NEW DELHI -- Instead of a last ditch effort by the Modi government to push its critical Goods And Services Tax Bill, the final day of the Winter Session was monopolised by the arrival of the latest batch of stones for the construction of the Ram Temple in Ayodhya.

The curtain fell on a stormy four weeks of Parliament, with the 11 Bills being passed in the Bharatiya Janata Party-majority Lok Sabha and the three in the Rajya Sabha.

The Upper House was disrupted today by lawmakers questioning the Vishwa Hindu Parishad's collection of stones for the Ram Temple since the matter of disputed land on which the Babri Masjid stood until 1992 is still pending before the Supreme Court.

Attacking the Modi government, the Bharatiya Janata Party, and the ruling Samajwadi Party in Uttar Pradesh, political rivals blamed the BJP and SP for embarking on a campaign of communal polarisation ahead of the 2017 State Election.

"Whenever the election is due in Uttar Pradesh, they always want to divide the society on a communal basis," Sharad Yadav, president of Janata Dal (United), told reporters.

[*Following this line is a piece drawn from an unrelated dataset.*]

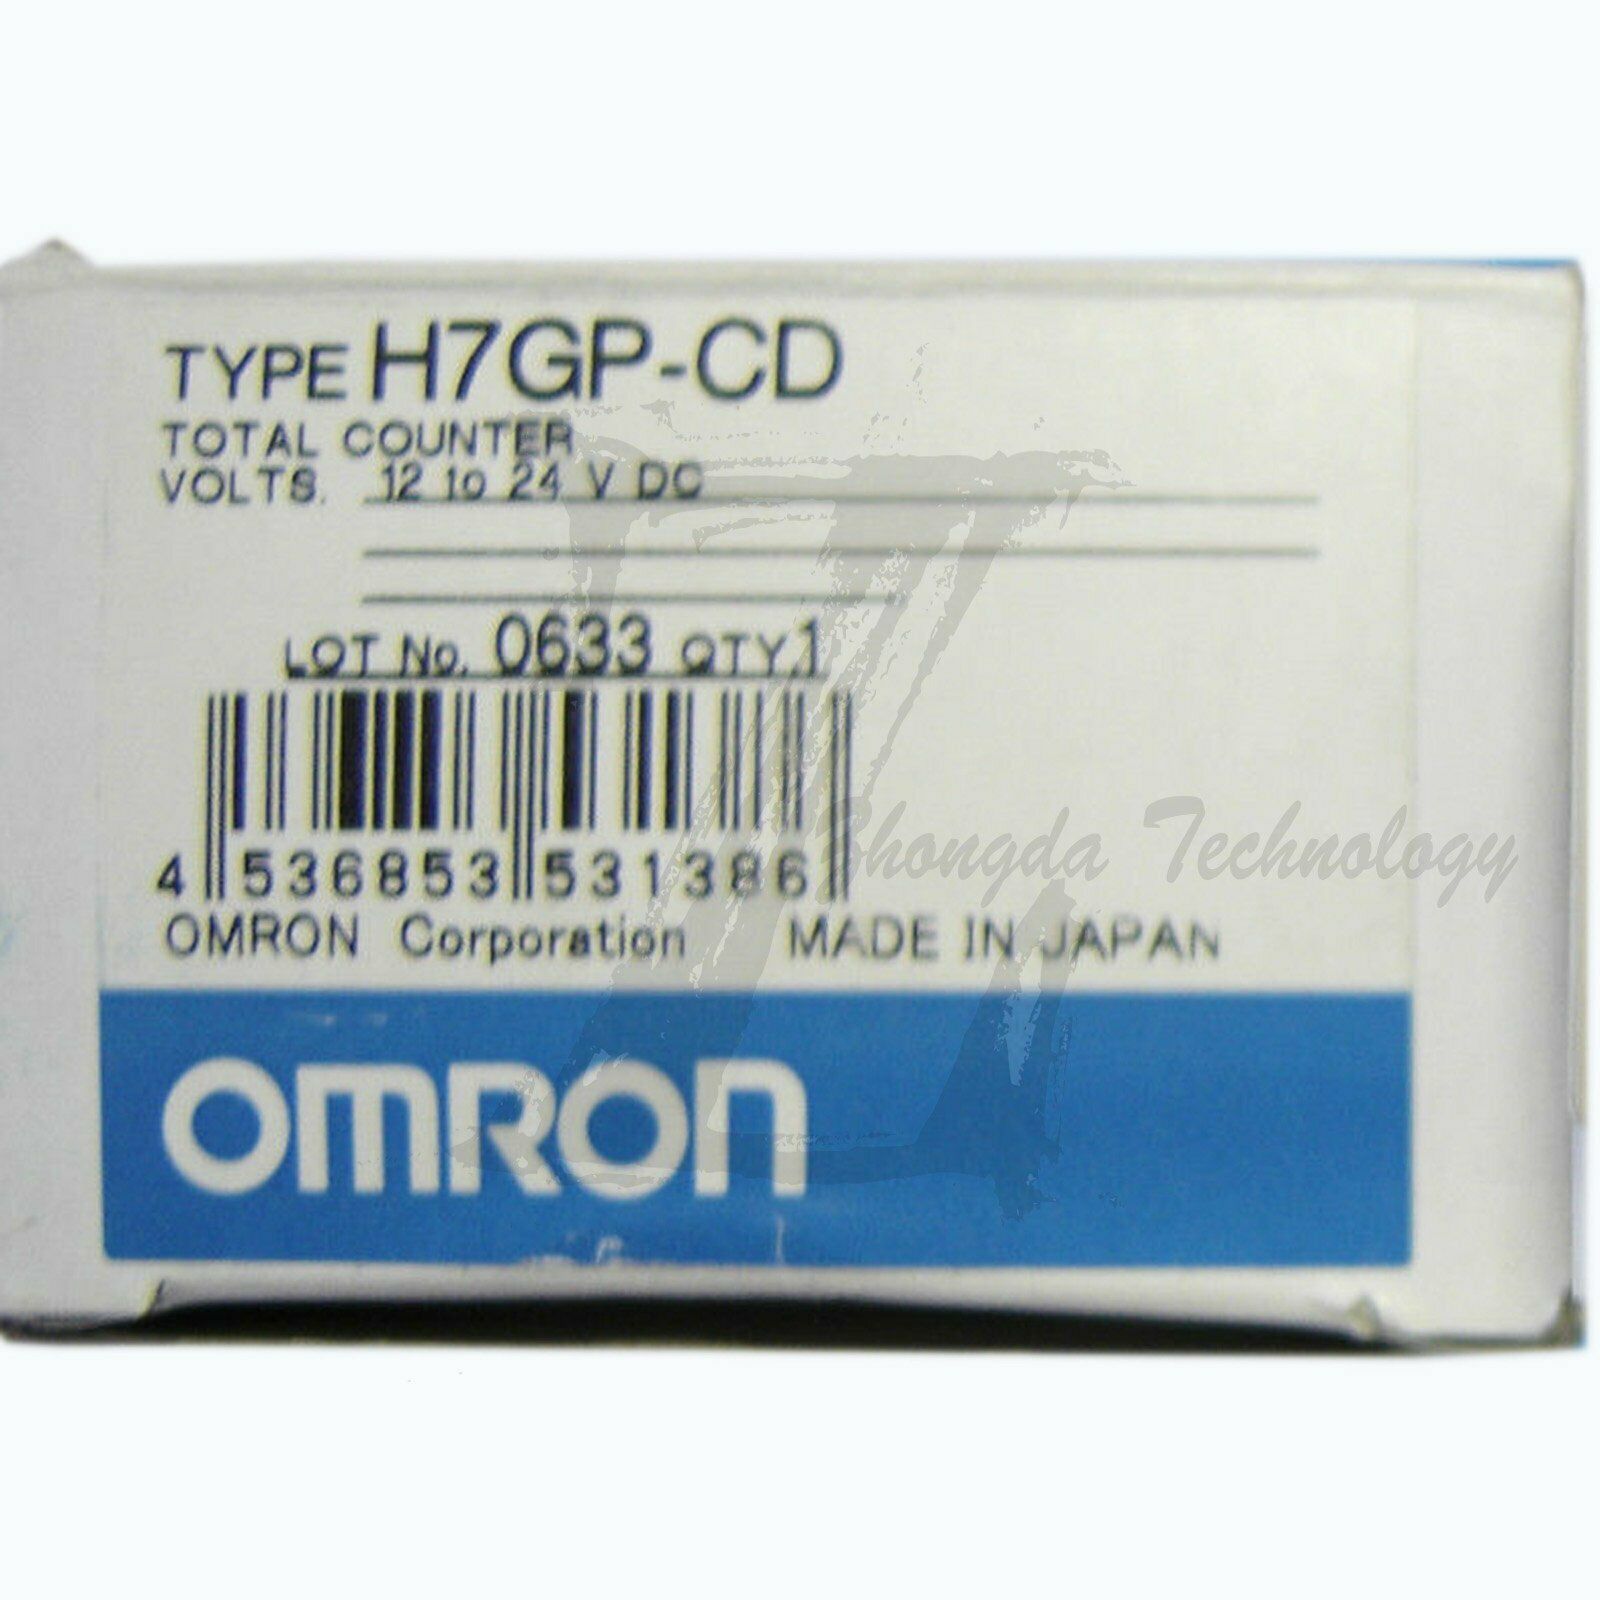 1pc new Omron H7GP-CD module one year warranty KOEED 201-500, 90%, import_2020_10_10_031751, Omron, Other

Local reports suggest that the arrival of stones in Ayodhya is making Muslims uneasy in Uttar Pradesh.

Minister of State for Parliamentary Affairs Mukhtar Abbas Naqvi said that the Modi government and the BJP is waiting for the Supreme Court decision, but there was no ban on carving stones, which had been going on 1.5 kilometers away from the disputed site since 1990.

"Please wait for court decision. All of us should respect it," he said.

In September 2010, the High Court of Allahabad ruled that the disputed land in Ayodhya shall be divided into three parts:one-third to the party for 'Ram Lalla,' one-third for the Sunni Waqf Board, and one-third for the Nirmohi Akhara.

Several parties including the Akhil Bhartiya Shri Ram Janmabhoomi Samiti and the Sunni Waqf Board have challenged the verdict of the Allahabad High Court.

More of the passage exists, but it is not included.